§ **DIRECTIONS FOR THIS TASK**: Every line of the material is to be transcribed verbatim, with images omitted.

§ **INFORMATION PROVIDED**:
=== Section Start ===

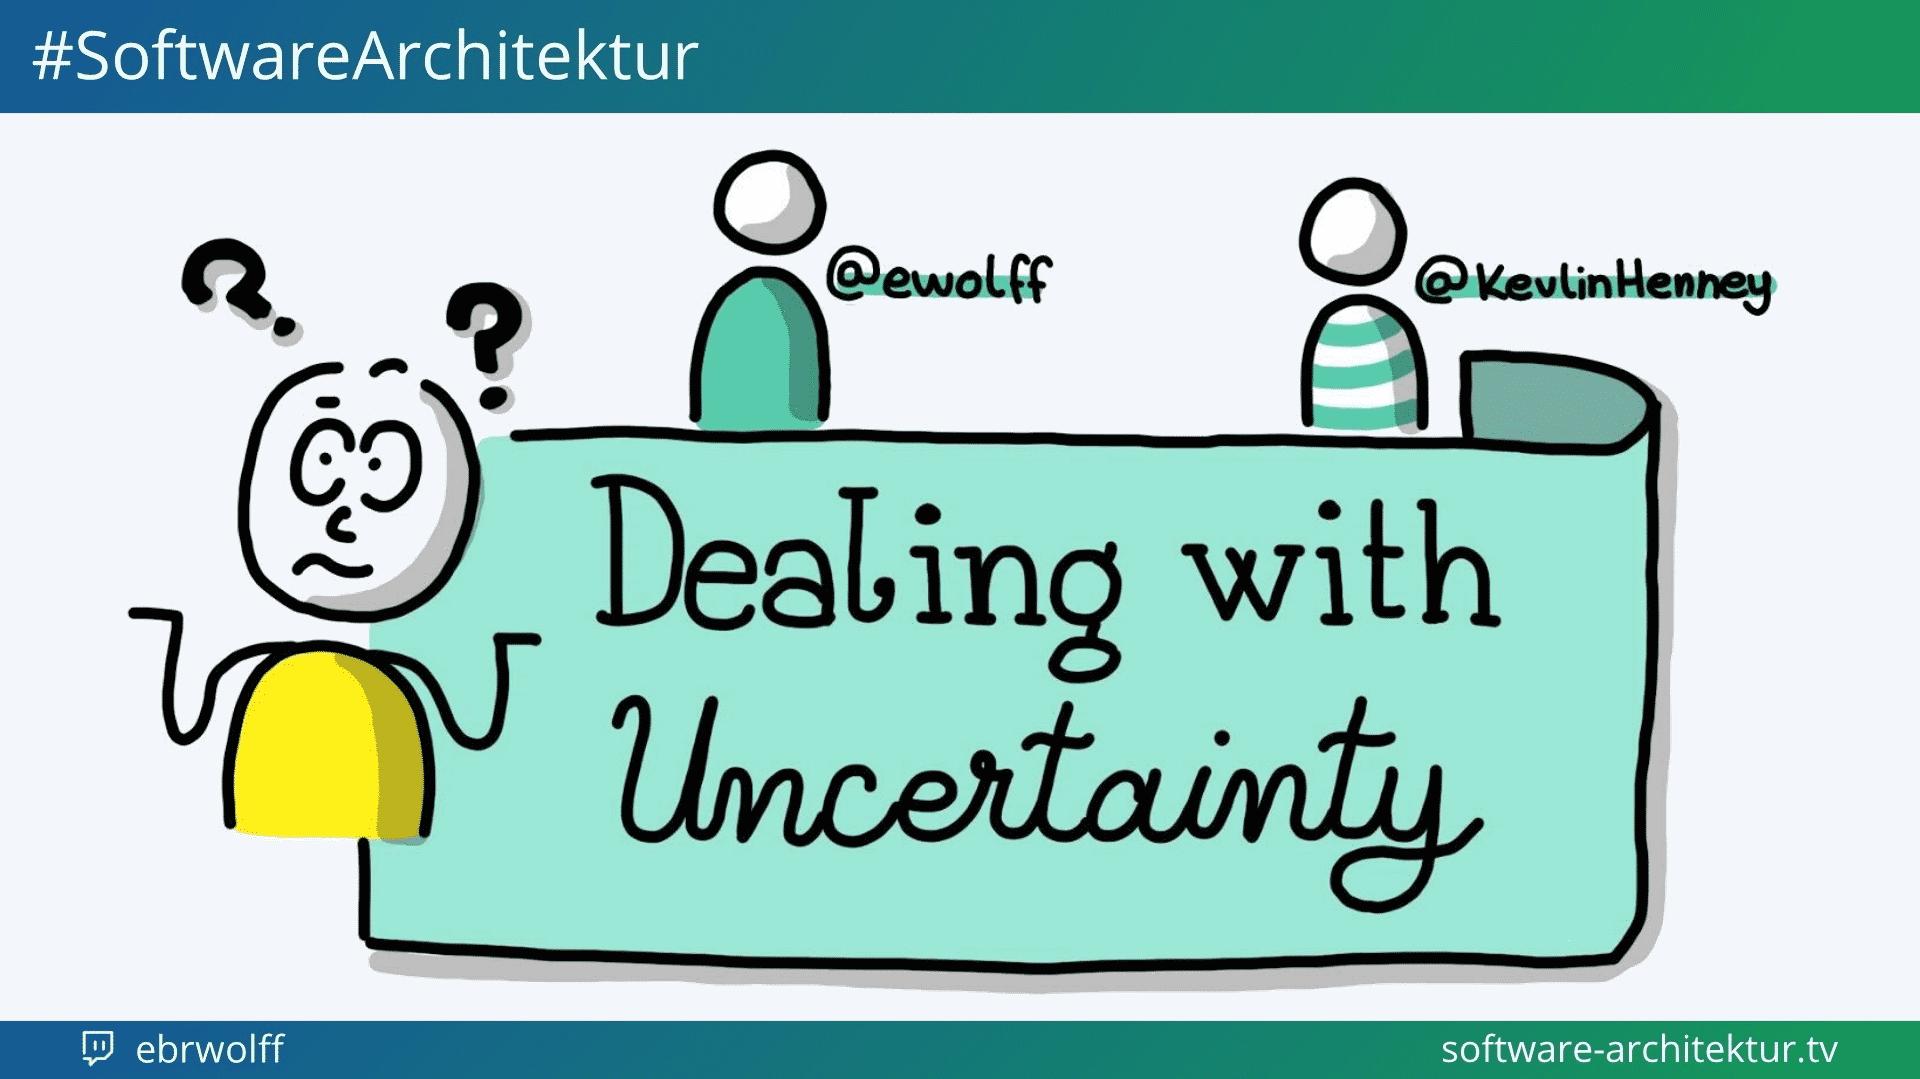 software-architektur.tv: Dealing with Uncertainty
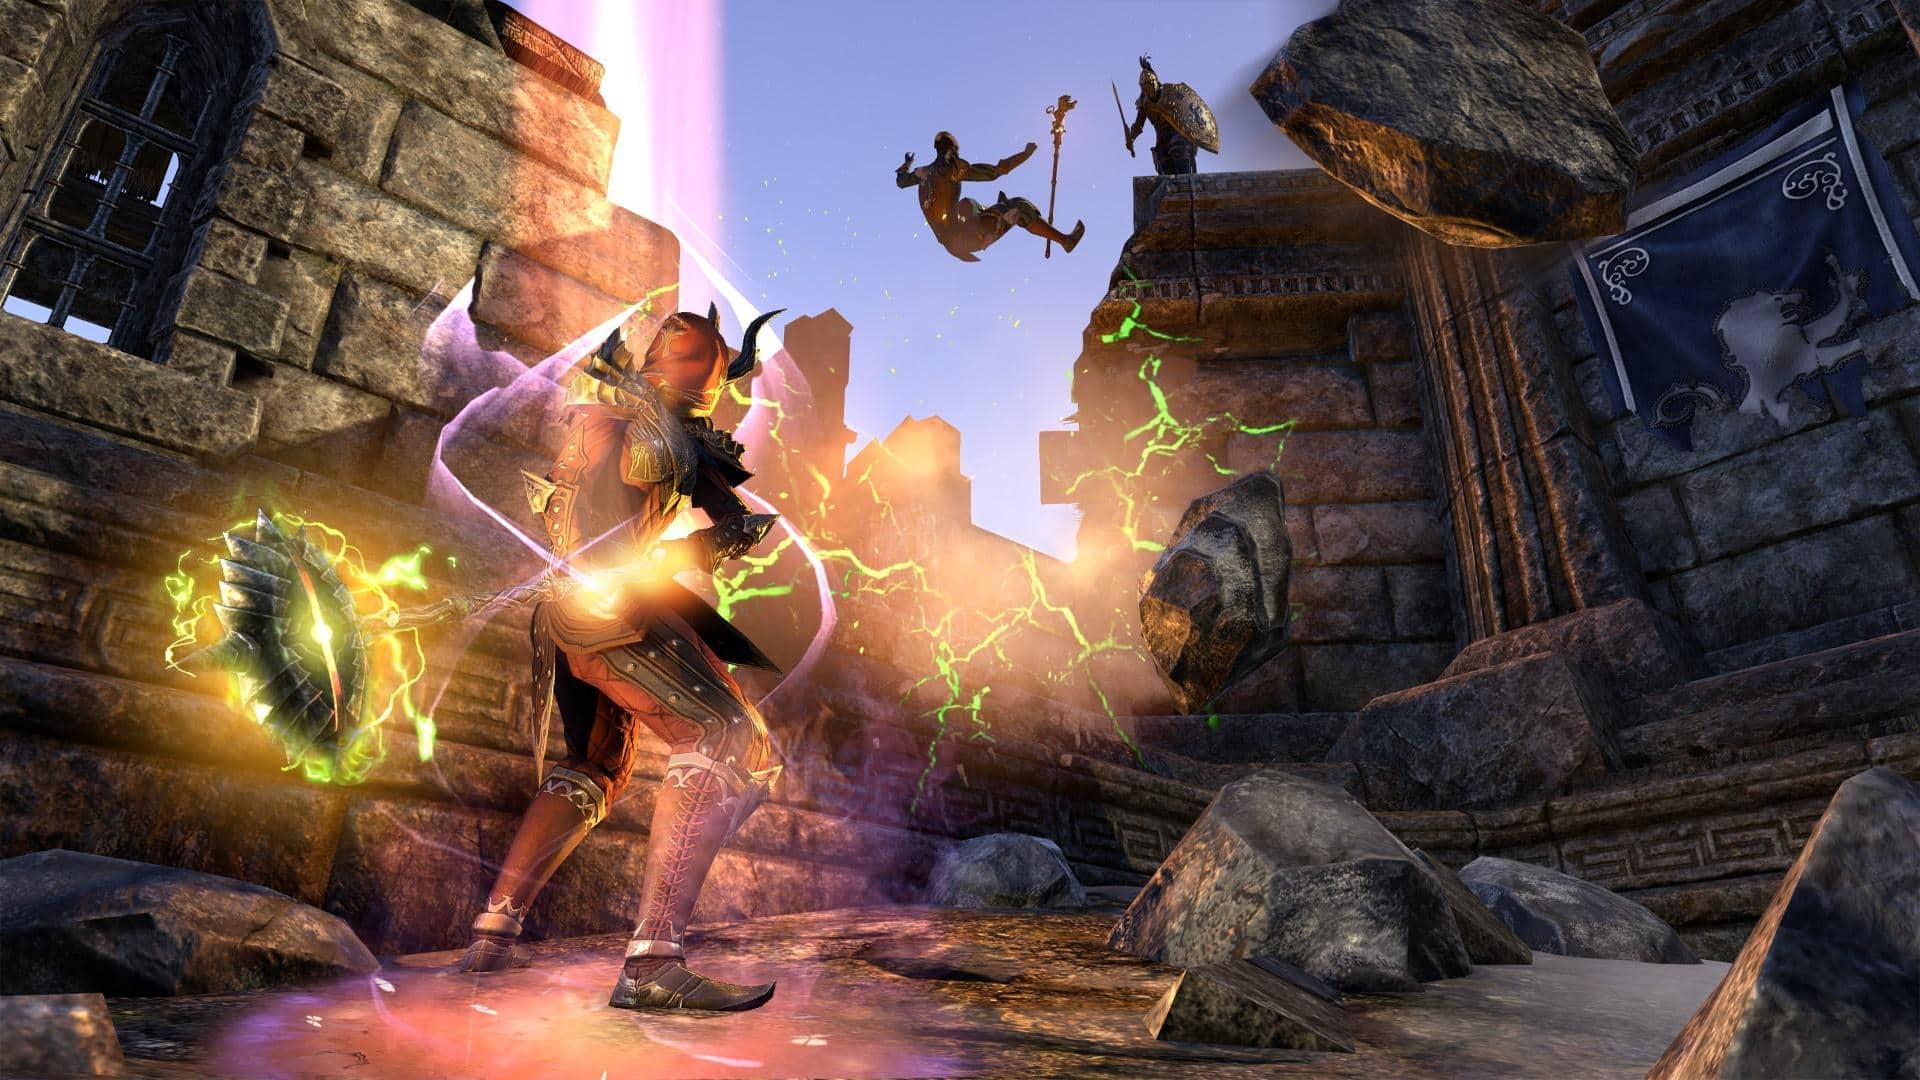 Cyrodiil + Elsweyr = Chaos! - Sanguine's Sentinels
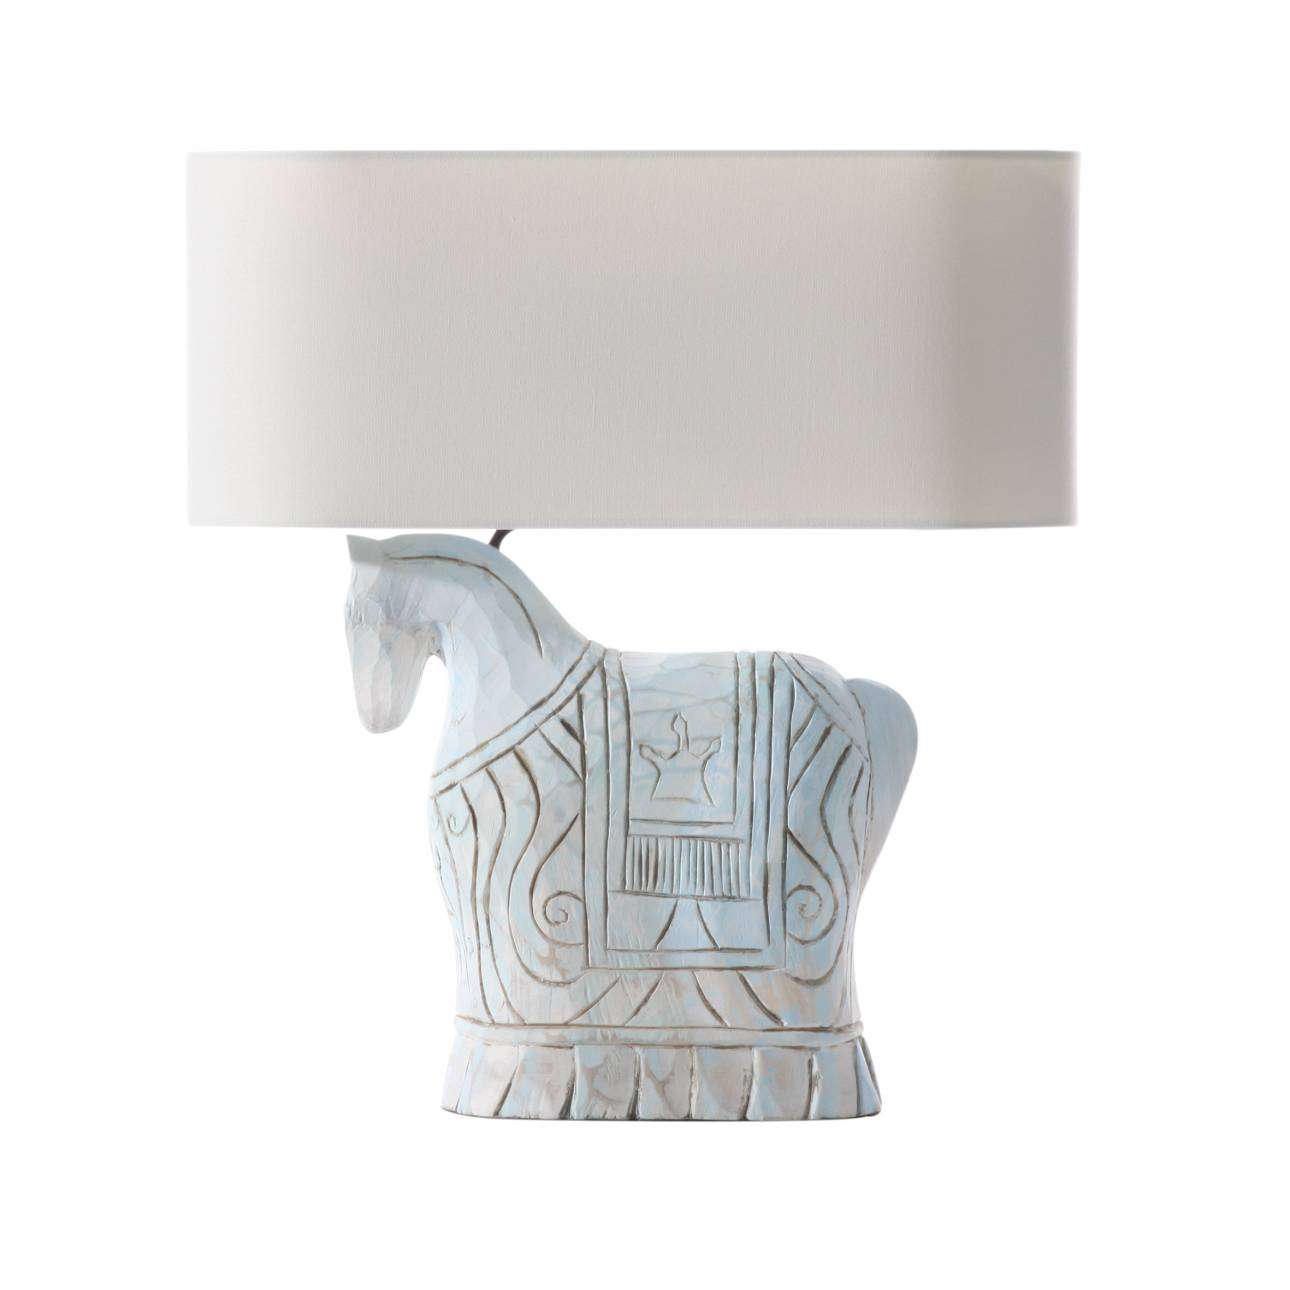 Tischlampe Bahima 60cm  46x20x60cm

=== Section End ===

§ **RESPONSE TO THIS TASK**:
 software-architektur.tv: Dealing with Uncertainty
 Cyrodiil + Elsweyr = Chaos! - Sanguine's Sentinels
 Tischlampe Bahima 60cm  46x20x60cm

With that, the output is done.